2016.4.7
長生きは本当に幸せなことでしょうか
私が子供のころ(今から80年前)60才というと大変なお年寄りだと思いました。
日本人の平均寿命は戦後すごく伸び世界でも長寿国の筆頭です。
老人に対するいろいろな優遇策がありありがたいことだと思っています。
しかし私自身が今年8月には米寿になるほど長生きして、それが幸せなことなのか疑問になってきました。
私の子供のころはボケたお年寄りは非常に珍しい存在でした。
今考えると認知症が始まる前に亡くなっていたのです。
医学でも胃瘻などという治療法はなく、老人が寝たきりで長生きするということはなかったのです。

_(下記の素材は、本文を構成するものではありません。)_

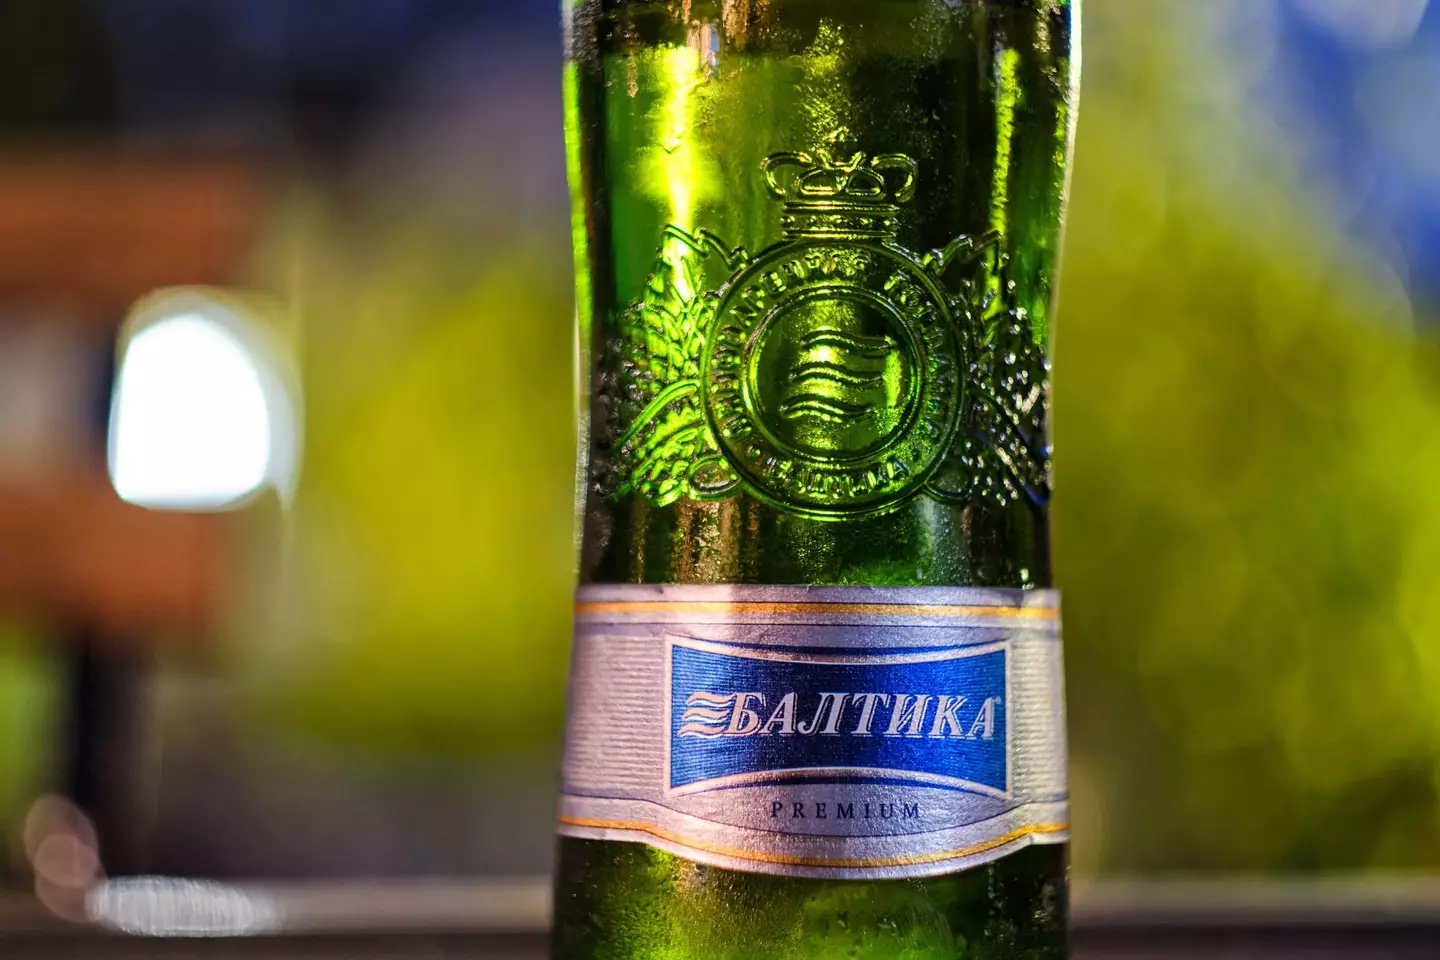 Wetherspoon pubs have also removed Baltika Lager from sale.

元気で長生きして愉快に生きられるのなら良いのですが、痛いだけ、苦しいだけでの長生きは本当に喜ぶべきことでしょうか。
囲碁で中押し負けというルールがあります。
私はほどほどのところで人生を終わるルールがないのが不思議です。
完全に治癒できる病気なら、再び元気になって愉快な余生を送るのは良いことです。
しかしアルツハイマーや末期がんなど完治の見通しのない老人を本人の意思に反して長生きさせることは誠に無駄なことです。
本人の肉体的、精神的苦痛も大きく、長生きは決して幸せなことではありません。
お医者さんは本人が中押し負けで負けを認めても、医療行為を中止したら処罰される法律があるそうです。
私はせめてこの種の法律を廃止して頂きたいと思うのです。
私は主治医に私の希望をお話しし、先生も承りましたと言っておられます。
昔先輩が「寿命と犬の尻尾は長ければよいというものではない」と言われたのを覚えています。
老人の立場からお願いする次第です。